LONDON -- Children in England will return to class and people will be able to meet a friend outside for coffee in two weeks’ time, Prime Minister Boris Johnson announced Monday as he announced a slow easing of one of Europe’s strictest pandemic lockdowns.
But those longing for a haircut, a restaurant meal or a pint in a pub have almost two months to wait, and people won’t be able to hug loved ones that they don’t live with until May at the earliest.
Johnson said the government's plan would move the country “cautiously but irreversibly” out of lockdown.
“We’re setting out on what I hope is a one-way road to freedom," he told lawmakers in the House of Commons.
Britain has had Europe’s deadliest coronavirus outbreak, with more than 120,000 deaths,. Faced with a dominant virus variant that scientists say is both more transmissible and more deadly than the original virus, the country has spent much of the winter under a tight lockdown — the third since March 2020. Bars, restaurants, gyms, schools, hair salons and nonessential shops are closed, people are urged not to travel out of their local area and foreign holidays are illegal.
That will begin to change, slowly, on March 8, when children go back to school and people are allowed to meet one friend or relative for a chat or picnic outdoors. Three weeks later, people will be able to meet in small groups outdoors for sports or relaxation.
Under the government plan, shops and hairdressers will reopen April 12. So will pubs and restaurants, though only outdoors. Indoor venues such as theaters and cinemas, and indoor seating in bars and restaurants, are scheduled to open May 17, and limited crowds will be able to return to sports stadiums. It is also the earliest date Britons may be allowed foreign holidays.
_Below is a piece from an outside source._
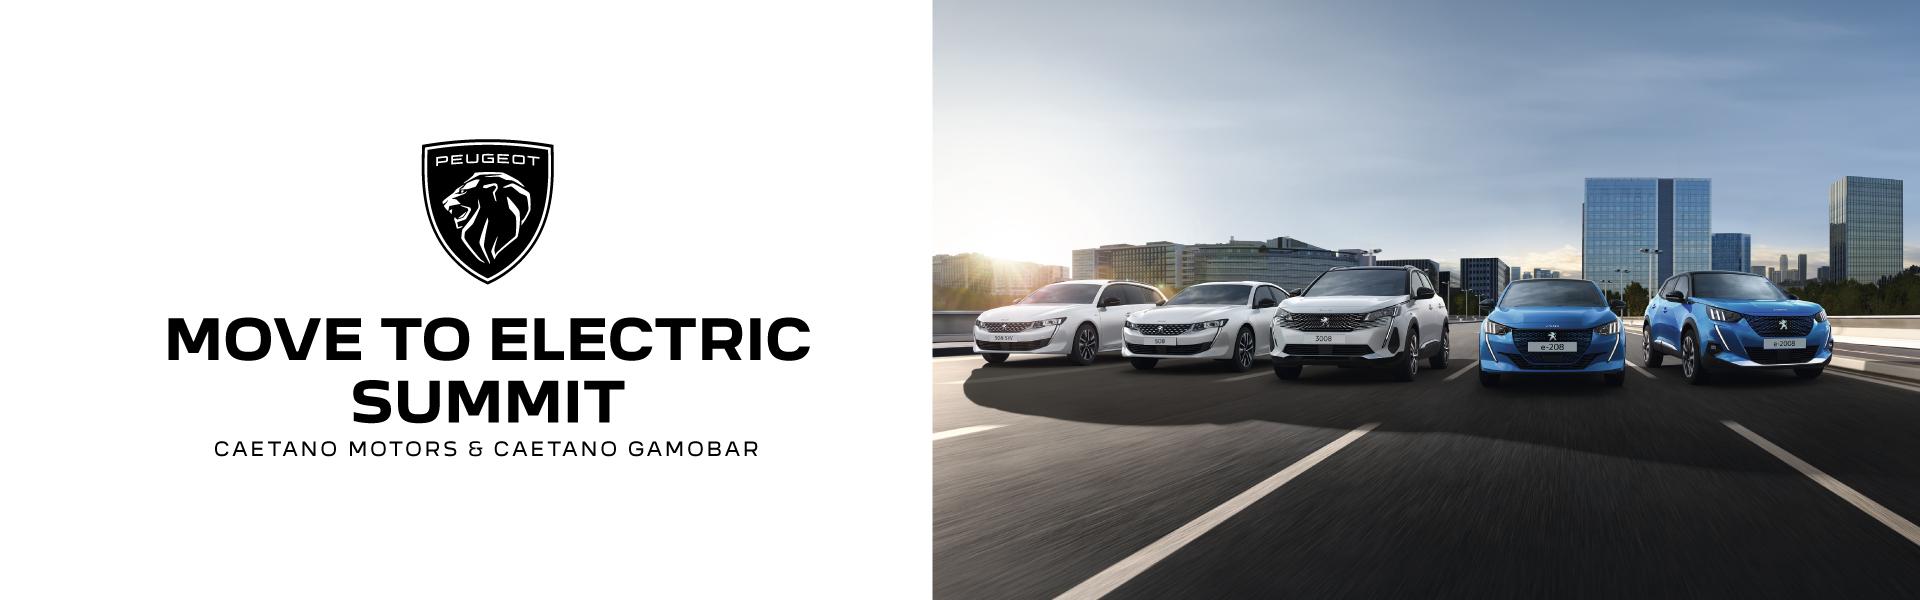 Peugeot Move to Electric nos concessionários Caetano Motors e Gamobar
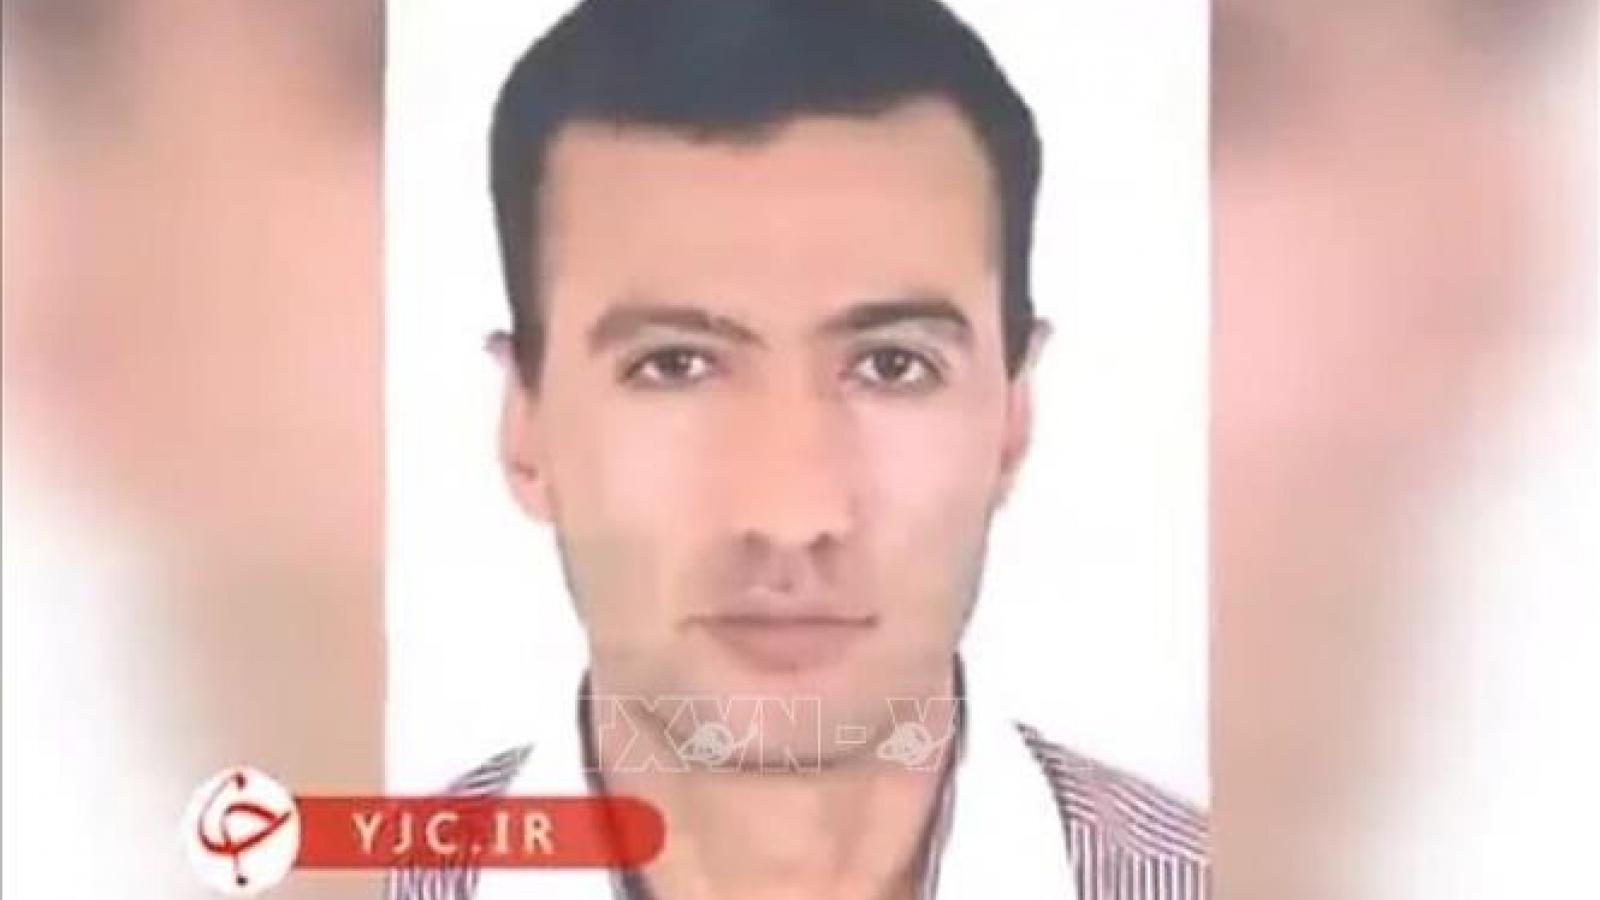 Iran đề nghị Interpol hỗ trợ bắt giữ nghi phạm vụ phá hoại Natanz

The final stage of the plan, in which all legal limits on social conduct are removed and nightclubs can reopen after 15 months of closure, is set for June 21.
The government says the dates could all be postponed if infections rise.
The measures being announced apply to England. Scotland, Wales and Northern Ireland all have slightly different lockdowns in place, with some children returning to class in Scotland and Wales on Monday.
Hopes for a return to normality rest largely on Britain’s fast-moving inoculation program that has given more than 17.5 million people, a third of the country’s adult population, the first of two doses of vaccine. The government aims is to give every adult a shot of vaccine by July 31.
Johnson said vaccines would help Britain put “a wretched year” behind it.
But the government cautions that the return of the country’s social and economic life will be slow. Johnson’s Conservative government was accused of reopening the country too quickly after the first lockdown in the spring and of rejecting scientific advice before a short “circuit-breaker” lockdown in the fall.
It does not want to make the same mistakes again, although Johnson is under pressure from some Conservative lawmakers and business owners, who argue that restrictions should be lifted quickly to revive the battered economy.
The Conservative government -- in normal times an opponent of lavish public spending -- spent 280 billion pounds ($393 billion) in 2020 to deal with the pandemic, including billions paying the salaries of almost 10 million furloughed workers.
The government says further easing will depend on vaccines proving effective at lowering hospitalization and deaths, infection rates remaining low and no new virus variants emerging that throw the plans into disarray.
Johnson said that even with vaccines, reopening society would inevitably lead to more infections and deaths.
He said there is “no credible route to a zero-COVID Britain, or indeed, a zero-COVID world.”
But, he added, "we cannot persist indefinitely with restrictions that debilitate our economy, our physical and mental wellbeing and the life chances of our children.”
Authorities are eagerly awaiting data on the impact of vaccination on infections, hospitalizations and deaths.
A Scottish study released Monday found that the vaccination program had led to a sharp drop in hospitalizations. Scientists from the University of Edinburgh, the University of Strathclyde and Public Health Scotland found that in the fourth week after an initial dose, the Pfizer-BioNTech vaccine reduced hospital admissions by as much as 85% and the Oxford-AstraZeneca vaccine shot cut admissions by up to 94%.
Scientists said the results were encouraging, but cautioned that the study did not assess whether people who have been vaccinated can still pass the virus on to others.